# New Taurus "Raging Hunter" Revolver



## Bearfootfarm (Jul 13, 2006)

Taurus Raging Hunter .44 Magnum: The Next Level in Handgun Hunting


The Taurus Raging Hunter .44 Magnum revolver is a super accurate revolver that takes handgun hunting to the next level.




www.breitbart.com




"The Taurus Raging Hunter .44 Magnum revolver is a super accurate revolver that takes handgun hunting to the next level.

First off, the Raging Hunter is a beautiful firearm. Its two-tone finish is complemented by an angular, ported barrel and recoil absorbing grips that are as pleasing to the eye as they are beneficial to weight reduction and control.

The weight of the gun—55 ounces—is also a benefit in that it too contributes to less felt recoil, and therefore more stability, during second shot acquisition.

So it is not surprising that even with open sights, the Raging Hunter delivers an incredible level of accuracy."

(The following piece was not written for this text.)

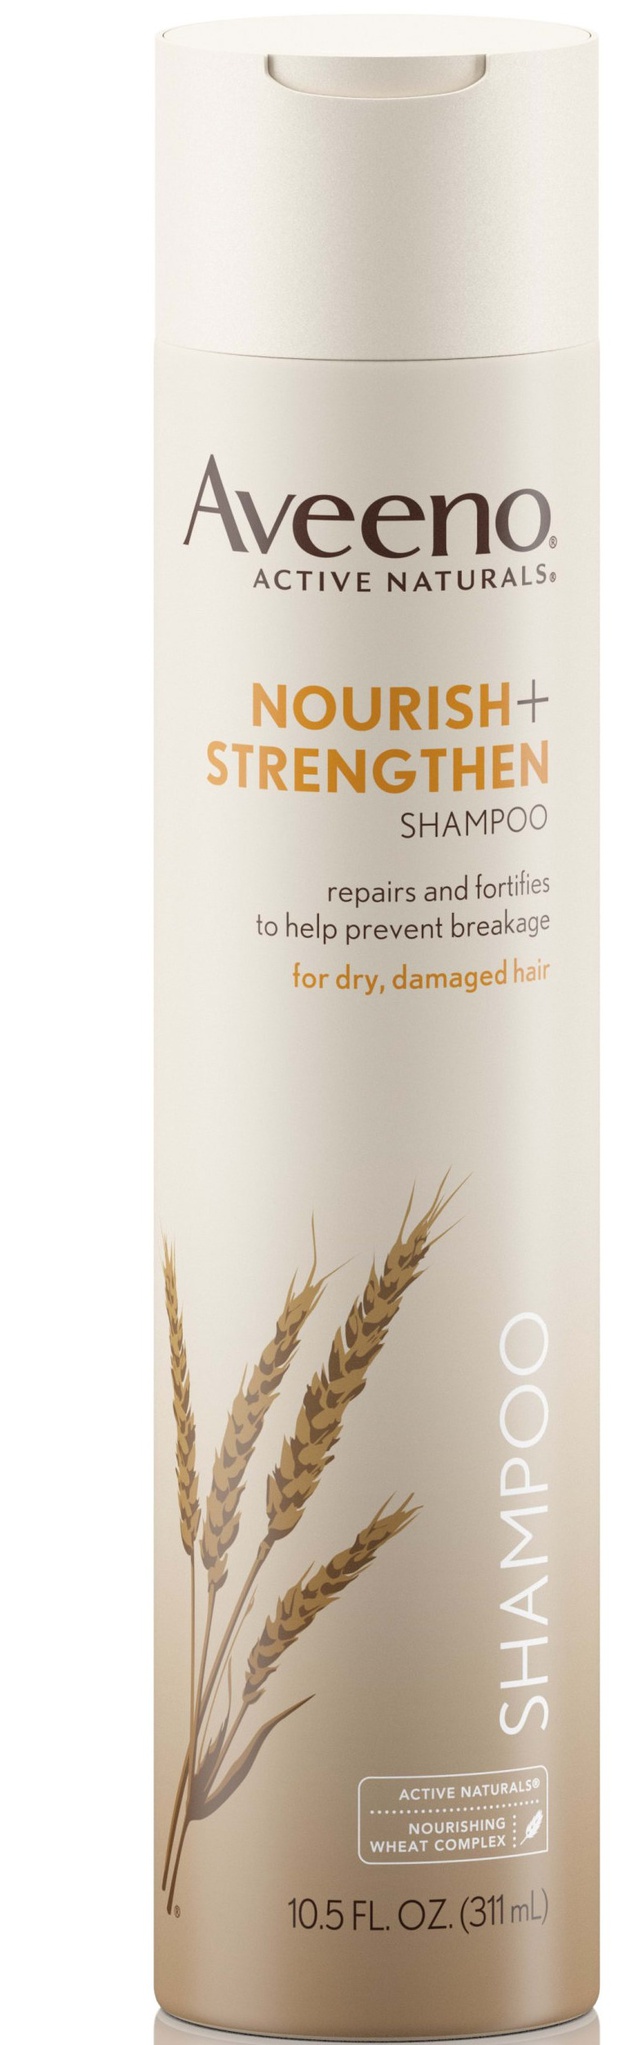 Aveeno Nourish + Strength Shampoo For Damaged Hair
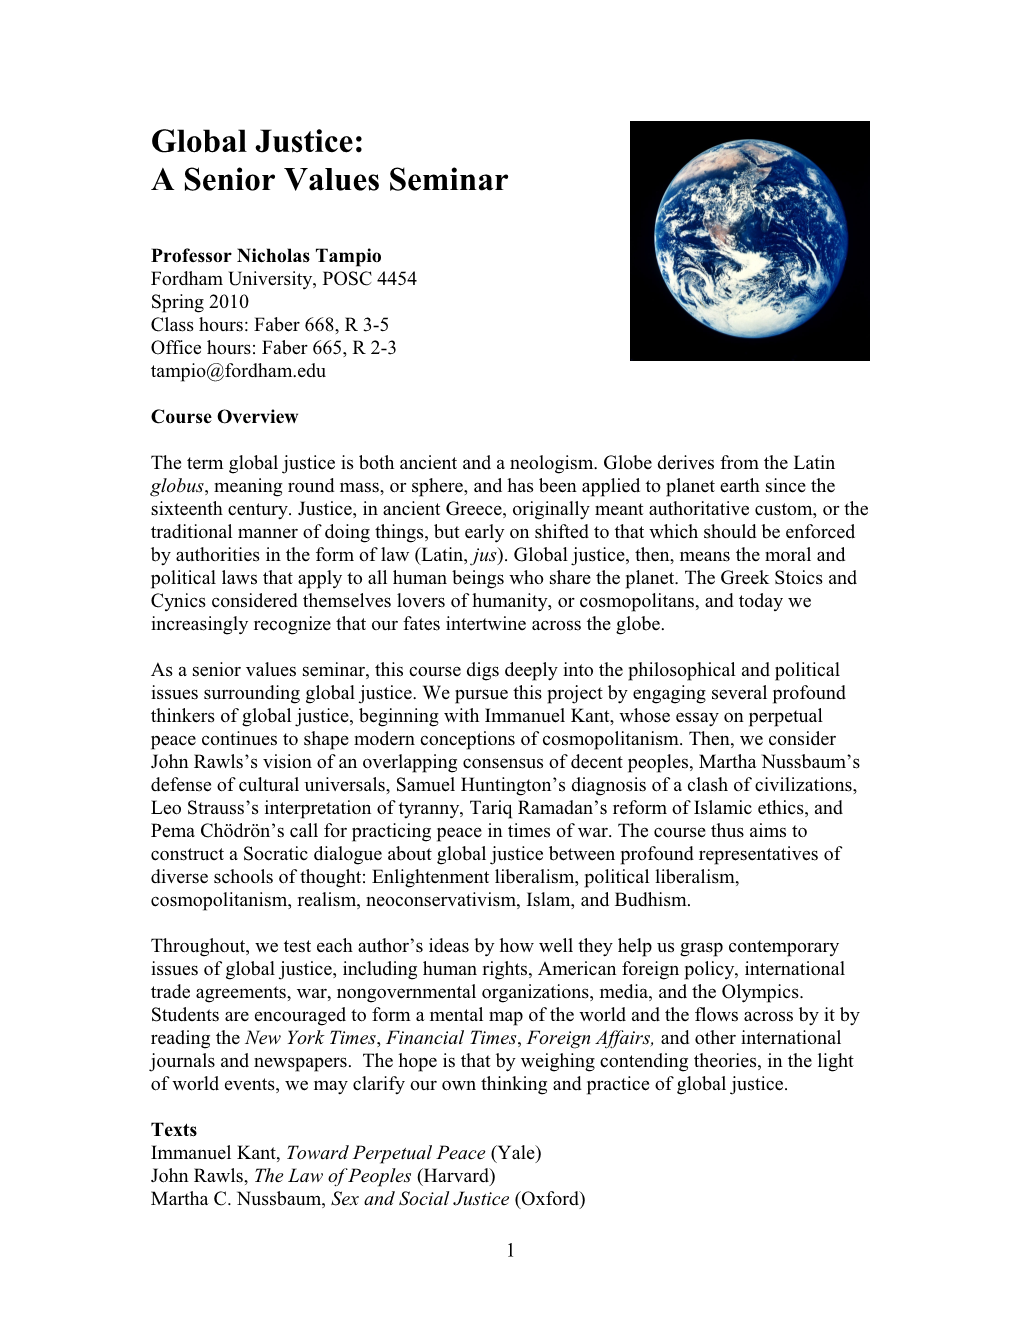 A Senior Values Seminar

It looks like a fun toy, and there's a 7-shot .357 version too.


----------



## muleskinner2 (Oct 7, 2007)

The .44 mag is my favorite caliber. If I could only have one gun, it would be a .44 mag revolver.


----------



## Bearfootfarm (Jul 13, 2006)

muleskinner2 said:


> The .44 mag is my favorite caliber. If I could only have one gun, it would be a .44 mag revolver.


I've always liked it a lot myself.


----------



## Wyobuckaroo (Dec 30, 2011)

The Taurus Raging Hunter .44 Magnum revolver is a super accurate revolver that takes handgun hunting to the next level. 
Most respectfully.... 
This sounds like copy by some writer that was sold to an outdoor, hunting, gun magazine.. 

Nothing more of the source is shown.